The paper tackles the problem of asymmetric image retrieval by proposing an approach that uses embedding transformation models instead of knowledge distillation, enabling the use of multiple diverse gallery models and a single lightweight query model to improve accuracy beyond any single model while maintaining low computational costs, achieving state-of-the-art results on benchmarks like CUB-200-2011 and Cars196 with up to 5% improvement in recall@1.
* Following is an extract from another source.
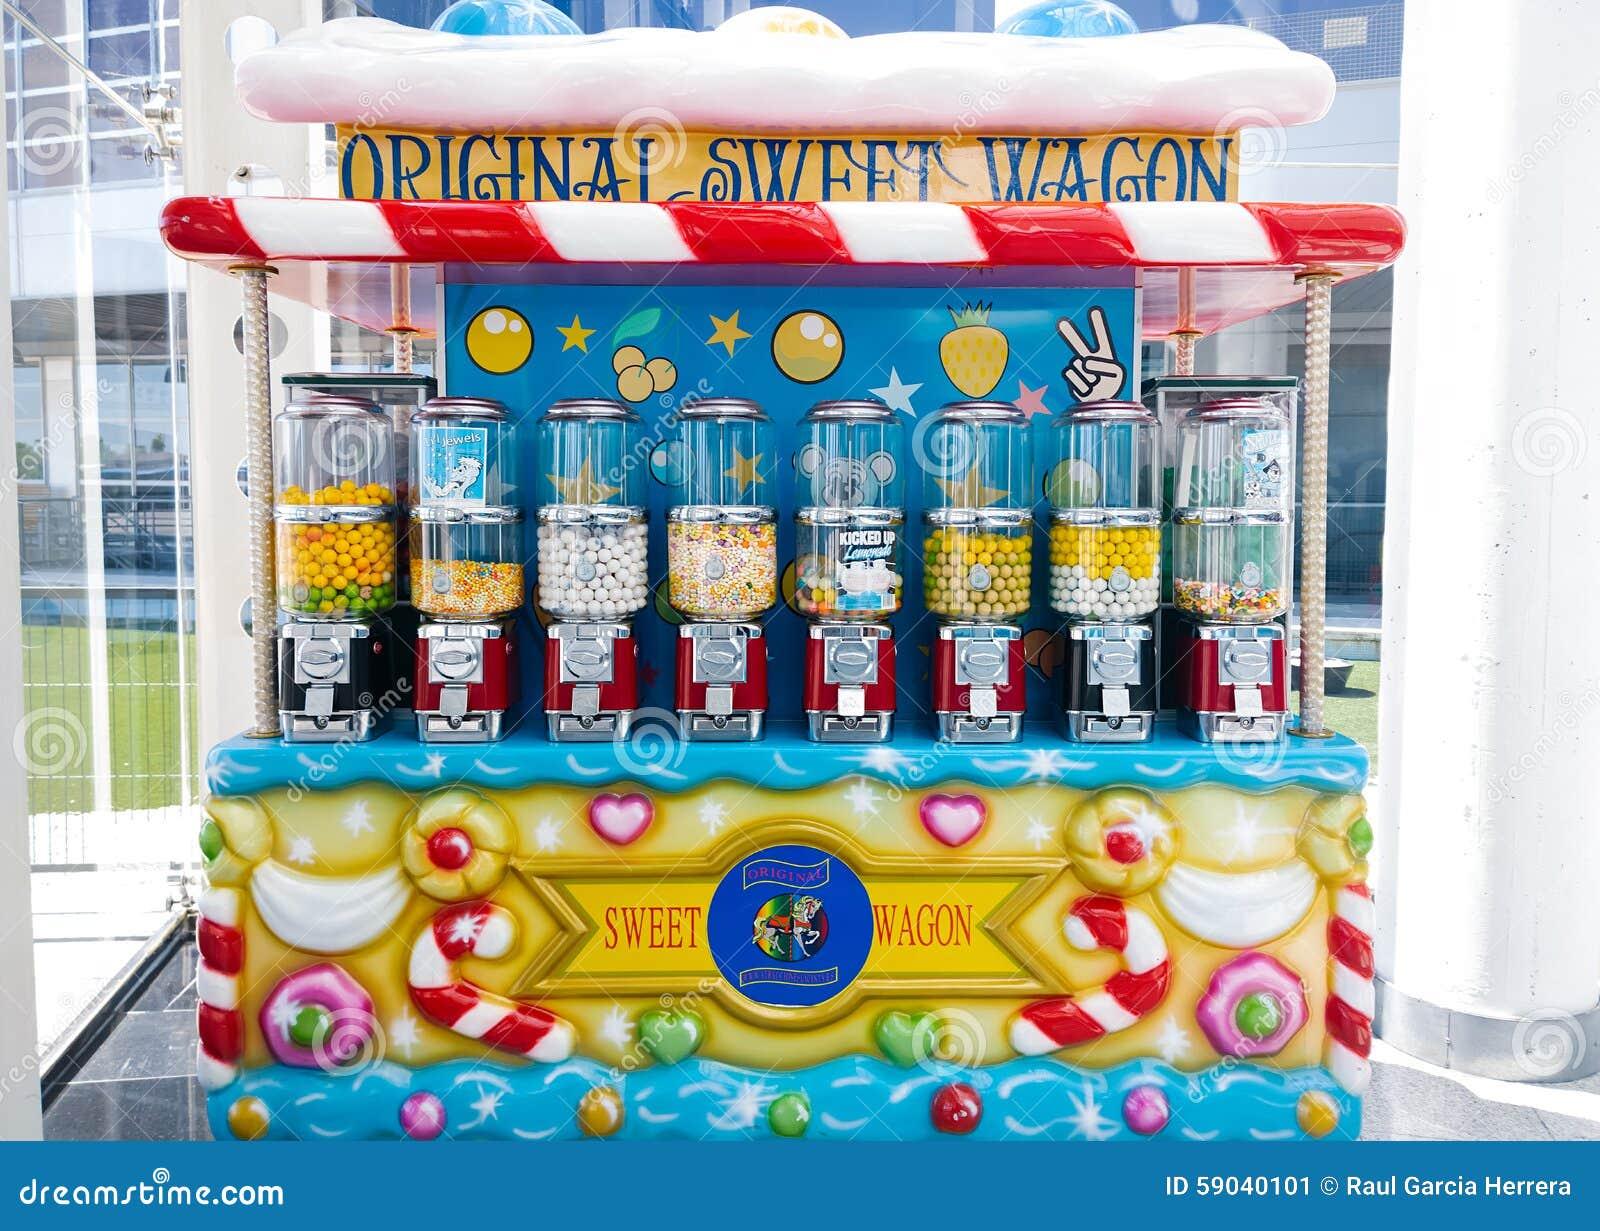 De suikergoedwagen, kleine push-cart stijl behandelde wagen die Suikergoed, chocolade, koekjes, en andere snoepjes verkoopt

The asymmetrical retrieval setting is a well suited solution for resource constrained applications such as face recognition and image retrieval. In this setting, a large model is used for indexing the gallery while a lightweight model is used for querying. The key principle in such systems is ensuring that both models share the same embedding space. Most methods in this domain are based on knowledge distillation. While useful, they suffer from several drawbacks: they are upper-bounded by the performance of the single best model found and cannot be extended to use an ensemble of models in a straightforward manner. In this paper we present an approach that does not rely on knowledge distillation, rather it utilizes embedding transformation models. This allows the use of N independently trained and diverse gallery models (e.g., trained on different datasets or having a different architecture) and a single query model. As a result, we improve the overall accuracy beyond that of any single model while maintaining a low computational budget for querying. Additionally, we propose a gallery image rejection method that utilizes the diversity between multiple transformed embeddings to estimate the uncertainty of gallery images.